Aber dann bat ihn bei der Siegerehrung – dort nahm er die Silbermedaille im Empfang – ein anderer deutscher M70-Spitzenläufer, es sich nochmals zu überlegen. Schließlich bestand die Aussicht, bei der Europameisterschaft der Masters eine schlagkräftige Mannschaft ins Rennen schicken zu können. Mann ließ sich breitschlagen, nahm das harte Training auf sich – und kehrte nun unlängst sogar mit zweimal EM-Gold aus Finnland zurück.
Der Wettkampf fand im mittelfinnischen Jyväskylä statt, dem Heimatort des 2019 verstorbenen Skispringers Matti Nykänen. Aufgrund des welligen Profils der Strecke hatte Hugo Mann eine Zeit um „eher in Richtung 3:20 Stunden“ angepeilt, wie er mitteilte. Bei der DM in Hannover hatte er die klassische Langstrecken-Distanz in 3:16 Stunden absolviert. Gold hatte sich im April Peter Massny (TSV Neustadt) in 3:10 geholt; er bildete zusammen mit Mann und Wolfgang Teipel (TV Attendorn) das DLV-Trio für Finnland.
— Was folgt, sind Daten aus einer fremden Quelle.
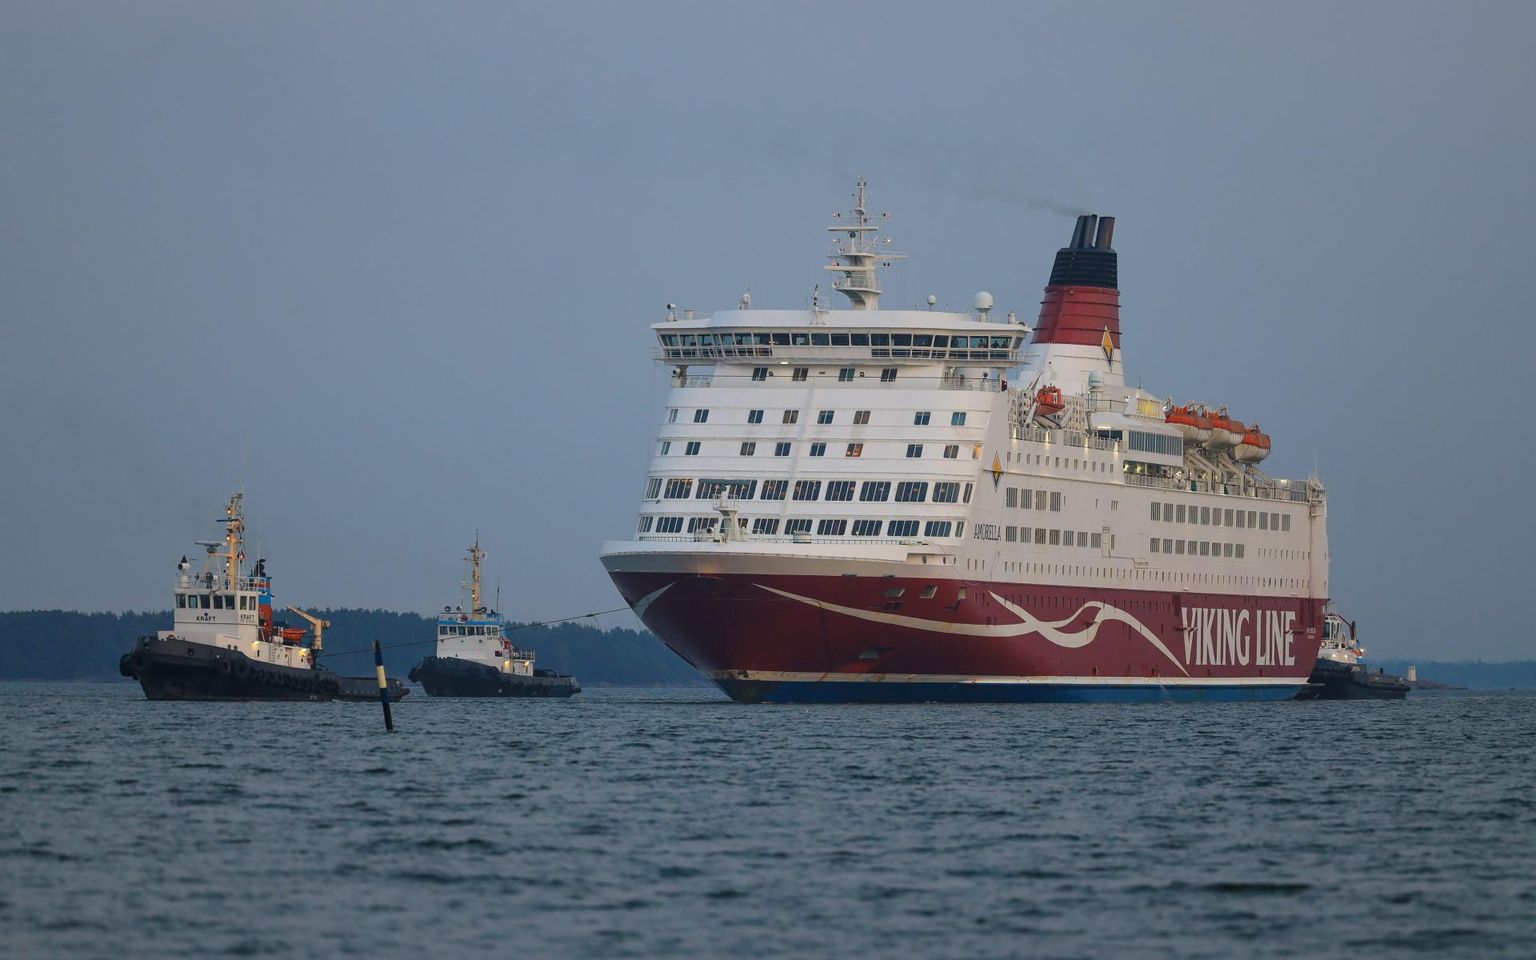 Viking Line’i parvlaeva Amorella põhjapuutest tekkinud avariiolukord tekitas segaduse lasti päästekuludega.

Vier Runden um großen See in jyväskylä
Die vier Runden um den Jväsjärvi-See lief Hugo Mann letztlich in 3:17:30 Stunden. Kein anderer der 17 M70-Athleten kam an diese Zeit heran. Der Läufer des TSV Penzberg war „im Ziel glücklich, da ich meine Planzeit trotz des welligen Kurses ziemlich genau erreicht hatte“. Und „wenn dann noch die Goldmedaille winkt, ist die Freude umso größer“.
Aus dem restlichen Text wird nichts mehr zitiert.